Most of the defensive items which the CWS procured were intended for protection against gas warfare, although certain of them such as the decontaminating apparatus and the eyeshield proved useful in nongas warfare situations. Most offensive items, on the other hand, were intended for nongas warfare uses. These included such weapons as the incendiary bomb, the smoke generator, and the flame thrower, all of which the service procured in great numbers. The CWS also procured a considerable number of 4.2-inch chemical mortars and shells. The mortar, though originally designed to fire toxic shells, was used during the war to fire high explosives.

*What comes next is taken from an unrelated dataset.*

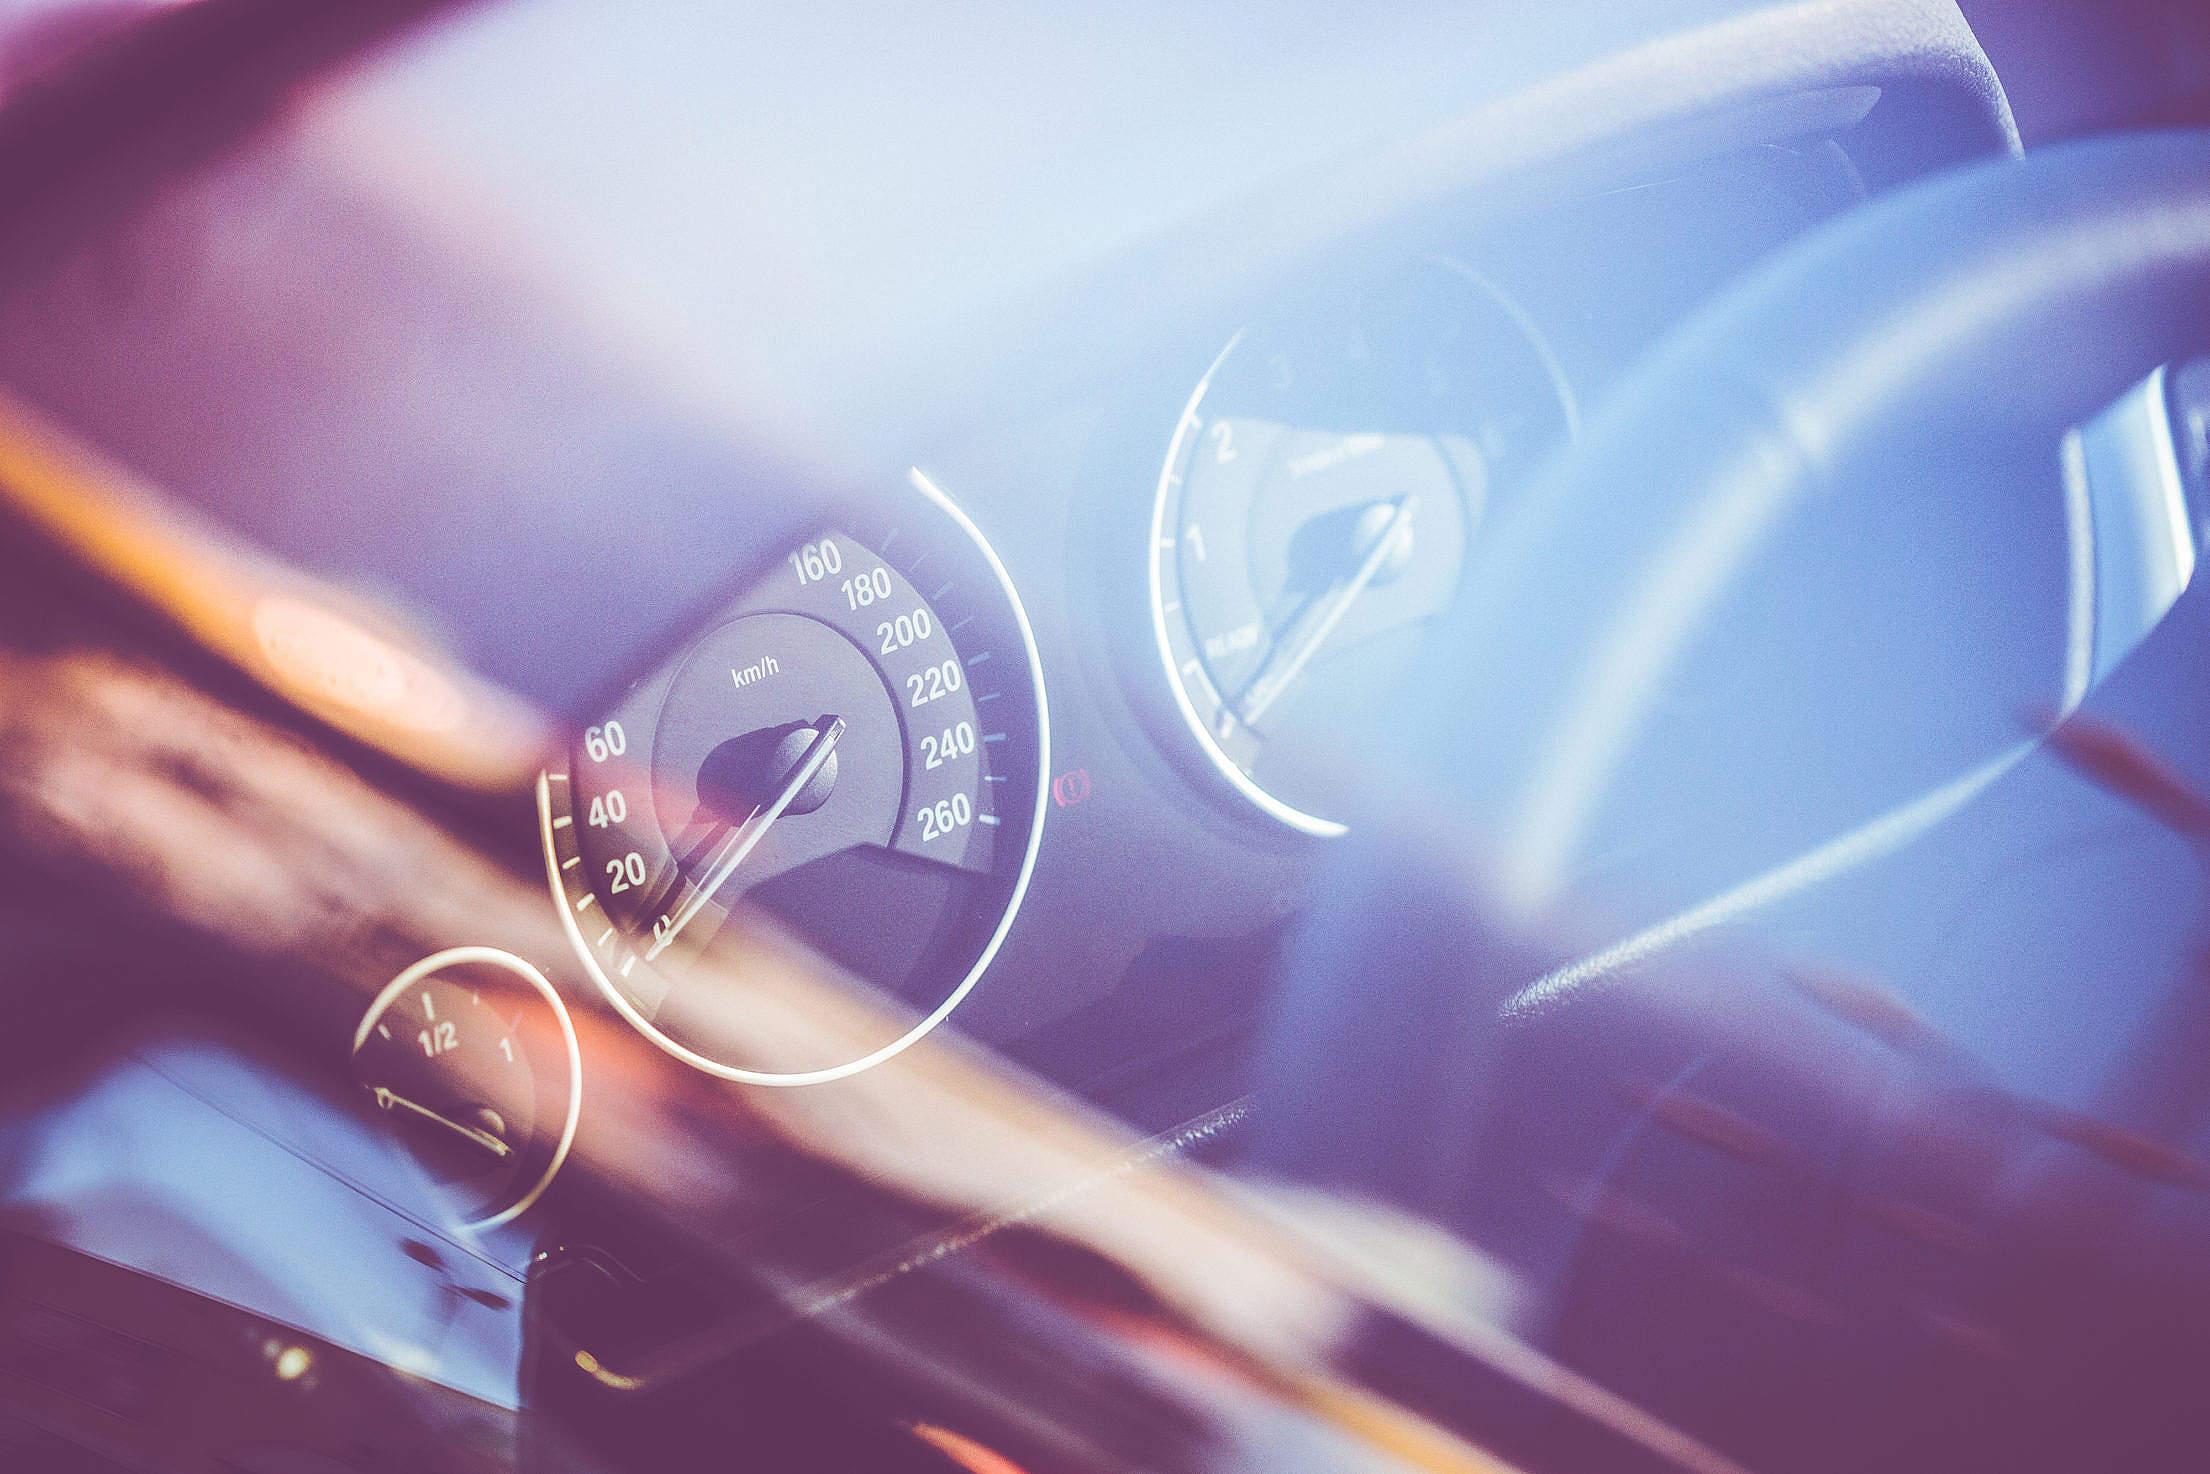 Speed-O-Meter in a Car Through Window Free Stock Photo

Problems of manufacture of CWS defensive items sprang chiefly from the attempt to put items that had not been fully developed into mass production. Of all these items the gas mask had been developed to the greatest degree, yet the pressure to produce new models during the war gave rise to many manufacturing difficulties. Such items as protective ointments, detector kits, and decontaminating apparatus were at primitive states of development when the CWS awarded production contracts for them. Development of these items proceeded simultaneously with their production.